An A220-300 operated by Air Tanzania (ATCL) remains attached in The Netherlands over a land rights dispute between Tanzania and two Swedish investors.

This comes after Swedish companies EcoDevelopment in Europe AB and EcoEnergy Africa AB - which on April 13, 2022, were awarded a USD165 million award against Tanzania over a revoked land rights claim - on November 8, 2022, persuaded the District Court of Limburg in Maastricht to uphold the attachment of 5H-TCH (msn 55047) owned by Tanzania's state-owned TGF - Tanzania Government Flight (Dar es Salaam).

According to the court docket, the Tanzanian aircraft has been grounded in Maastricht since January 2022, reportedly due to engine problems. On June 16, 2022, it was seized by order of a provisional relief judge of the District Court of Limburg.

Tanzania argued the attachment was unlawful because, on June 15, 2022, the state applied to the Tribunal of the International Centre for Settlement of Investment Disputes (ICSID) to annul EcoDevelopment's award. Tanzania also filed a request to the ICSID Tribunal to continue the stay of enforcement of the award. ICSID registered the request on June 21, 2022. On the same day, it provisionally stayed the enforcement of the award pending a decision by an ad hoc committee.
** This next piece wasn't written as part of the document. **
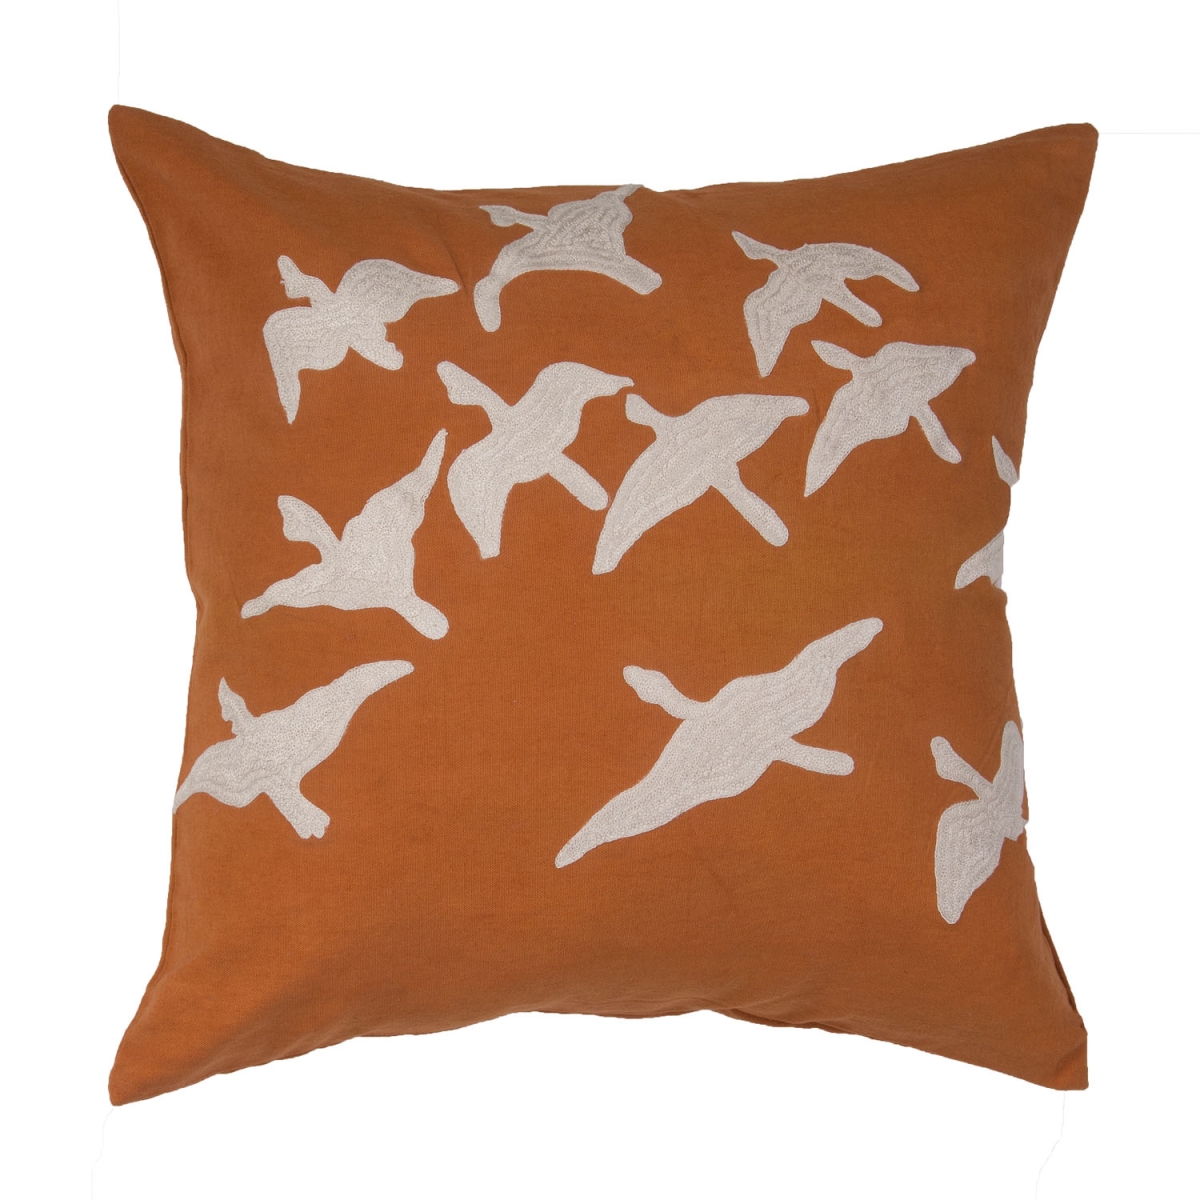 Plw102404 20 X 20 In. National Geographic Home Collection Safiya Orange & Ivory Animal Down Throw Pillow

The Swedish claimants filed their objections on August 16, 2022.

On November 1, 2022, the ad hoc ICSID committee issued a decision on their objections, followed by the Dutch court's decision on November 8 that ICSID's provisional stay of enforcement of the award only took effect on the date that the institution registered the state's annulment request, which was on June 21, 2022. The Dutch court also found no grounds for lifting the aircraft's attachment.

EcoDevelopment first brought a claim to the ICSID on August 25, 2017, under a Sweden-Tanzania bilateral investment treaty (BIT) entered into on March 1, 2002. They claimed that the Tanzanian state had violated the BIT by unlawfully expropriating their land title at Bagamoyo. The Swedish companies invested USD52 million over more than a decade to develop the Bagamoyo project for the local production of sugar, renewable electricity, and fuel.

The same A220-300 was seized in Johannesburg O.R. Tambo, South Africa on August 23, 2019, in a then unsuccessful attempt by an elderly Namibian farmer, Hermanus Steyn, for compensation owed to him by the Tanzanian government after it had expropriated his farm in 1982. Steyn had an outstanding claim of USD16 million, which, with interest, totalled USD33 million.

In December 2019, Tanzania secured the release of one of its DHC-8-Q400s, 5H-TCF (msn 4608), after Steyn had it attached too by a Canadian court in pursuit of his compensation.

The state-owned airline also faced legal action in a London High Court in February 2020 when it was fined more than USD30 million for outstanding lease payments of an A320-200, 5H-MWH (msn 630), from Liberian company Wallis Trading.

In 2018, another Dash 8-400, 5H-TCE (msn 4559), was seized by Stirling Civil Engineering following the Tanzanian government's unwillingness to settle a USD38.7 million debt awarded to the Canadian contractor by the International Court of Arbitration in 2010. The case pertained to a cancelled USD25 million civil engineering contract. The turboprop was eventually released after reaching a settlement.

All of ATCL's aircraft are owned and leased from TGF, but the government now wants to shift ownership to the airline, arguing this would reduce costs for both state entities. Still, industry observers say this would have little benefit as both bodies are state-owned and therefore subject to future international claims against the Tanzanian government.